Wednesday morning we went with Felina to the house of her mother, who worked for Vamos Adelante in their nutritional program.  There we observed the once daily meal prepared for the malnourished children and seniors of Ceylan and we listened to the miraculous stories of transformation brought about by proper nutrition.  We helped served rice, beans, and incaparina (a hot, fortified, corn drink).  However, before we could finish, Felina sent word that pregnant women from the village were gathering to seek care with us.  By the time we returned home three of them were sitting on the front porch, waiting and chatting.  More were soon to arrive.  As the morning passed into afternoon, we offered to visit some of the women in their homes to spare them the long wait, but they refused, saying they preferred to be seen at Felina’s house, where there was more privacy.  As Felina pointed out, they also had the rare opportunity to sit and do nothing but chat with neighbors.  Others came too, children with diarrhea, a woman with an inguinal hernia, a man with a machete wound, and several cases of upper respiratory infections.

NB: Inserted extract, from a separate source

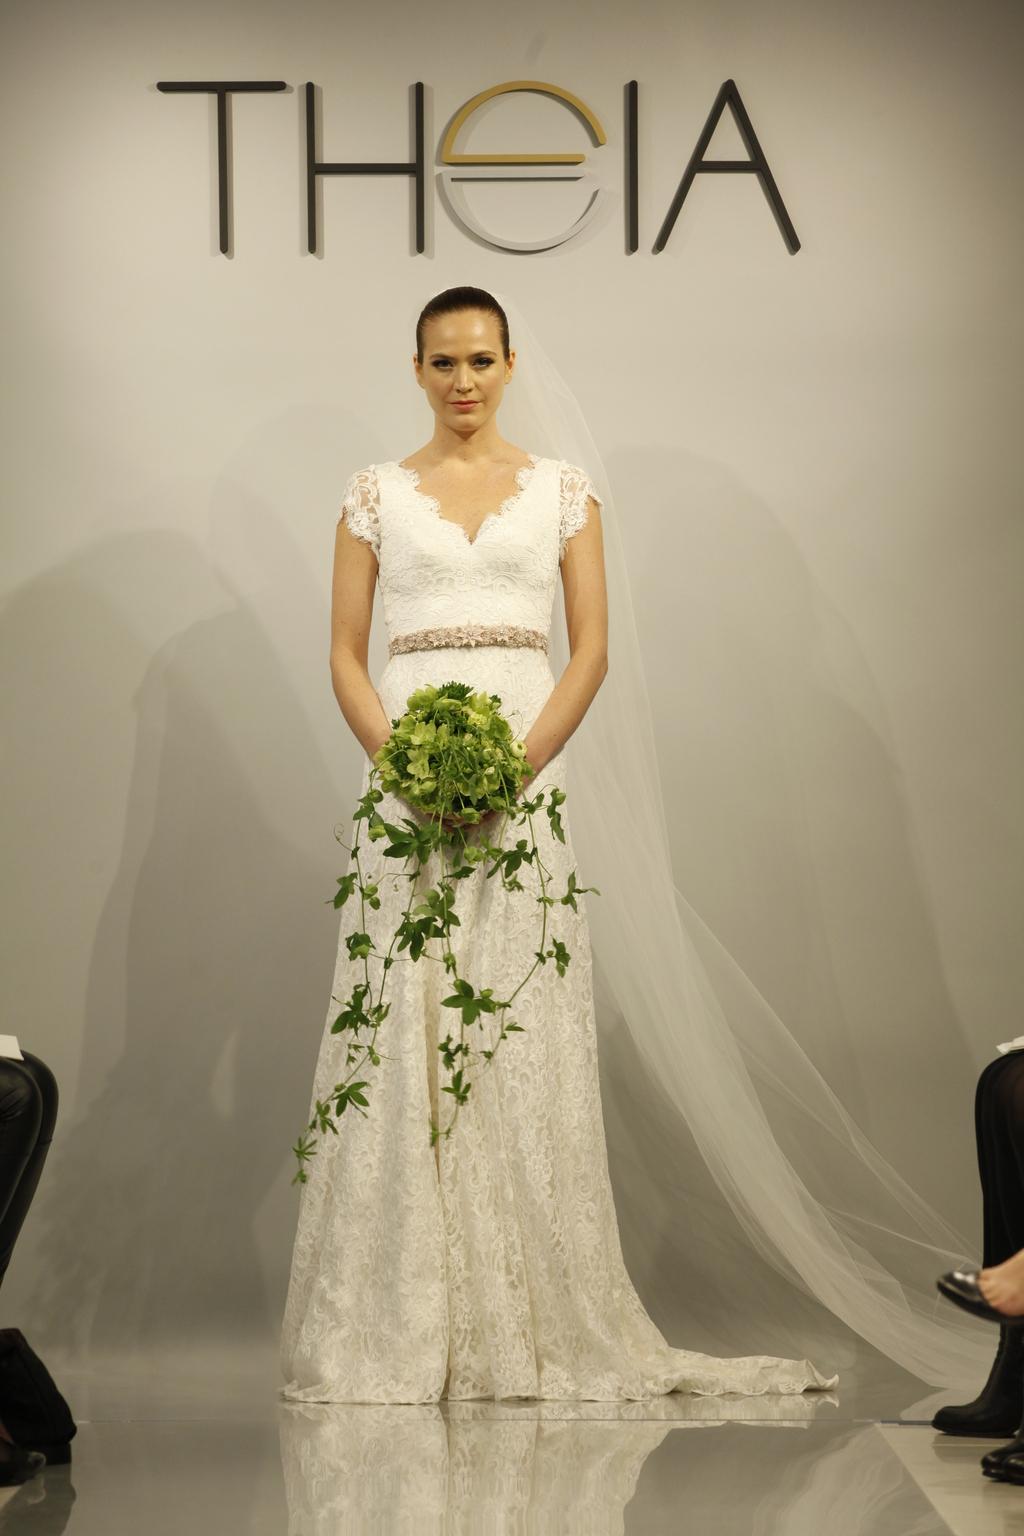 Theia-spring2014-wedding-dress-bridal-gown-louise.full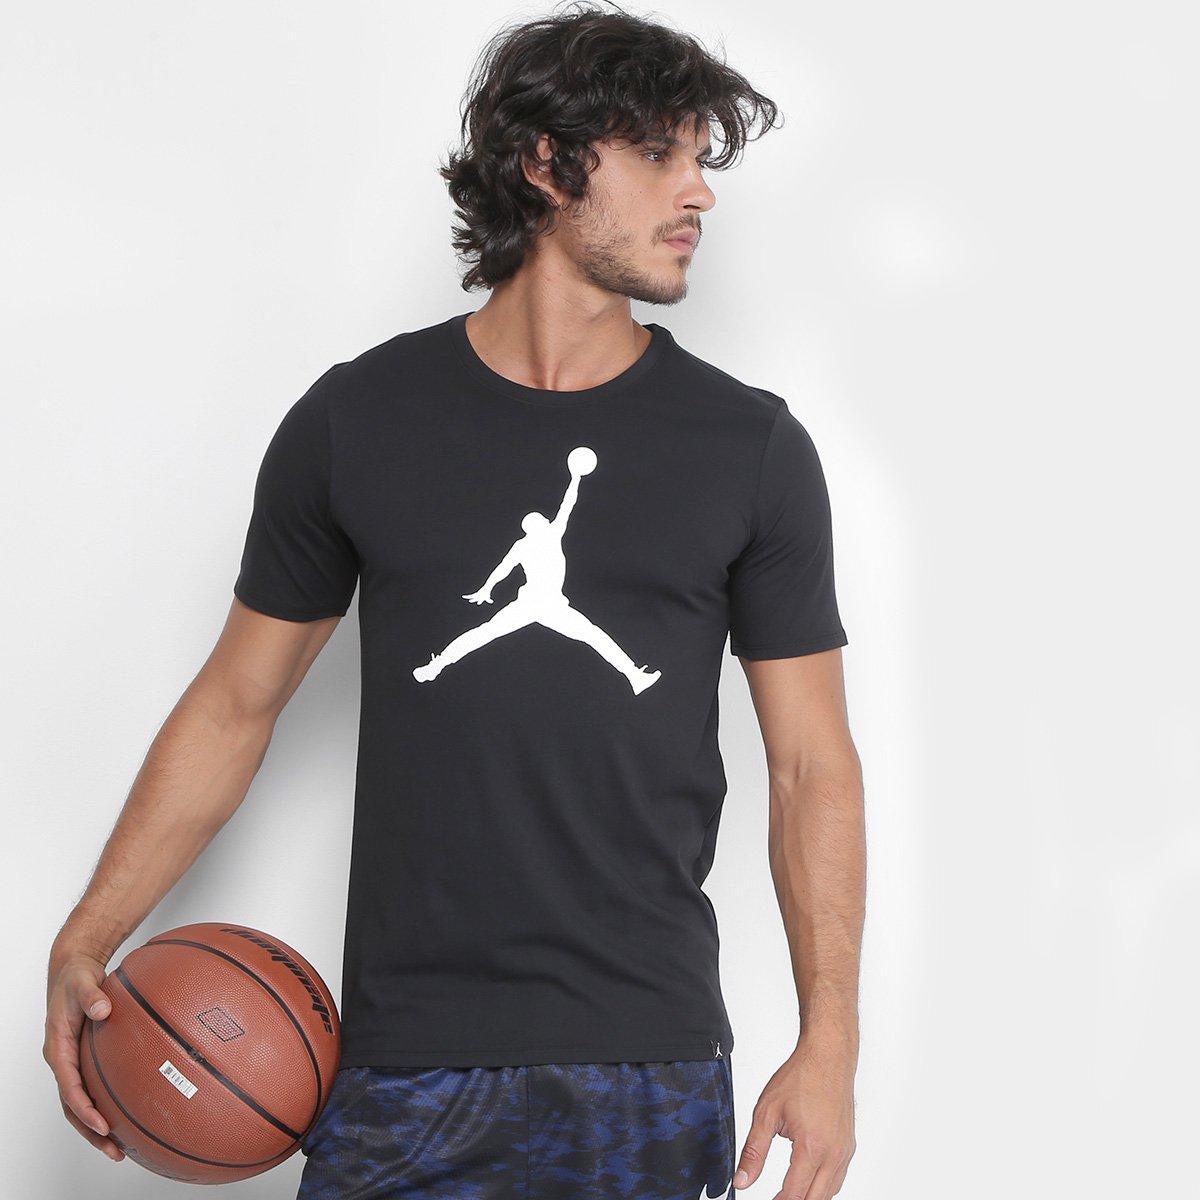 Camiseta Nike Jordan Iconic Jumpman Masculina - Compre Agora  13c96b065f6

After finally finishing with all the patients for the day, we enjoyed the last remaining rays of sunlight by splashing in the stream behind Felina’s house with the neighborhood children.  As the sun set, we returned to the house, but the children were not done with us yet.  We turned Felina’s front porch into a discoteca, complete with Merengue and marimba music.  We danced until we collapsed, exhausted, speckled with insect bites, and thoroughly satisfied with the day.

I fell asleep thinking of the parallels between our experiences with Vamos Adelante and those of Mary Breckinridge’s nurses on horseback, providing basic public health in an isolated place of few resources.  I found it ironic that we had to travel to Guatemala to get a taste of what it must have been like for those nurses, and I must say: I like the taste.  They may not travel by horse these days, but Mary Breckinridge’s nurses continue their work nearly a century later many miles from the Kentucky mountains.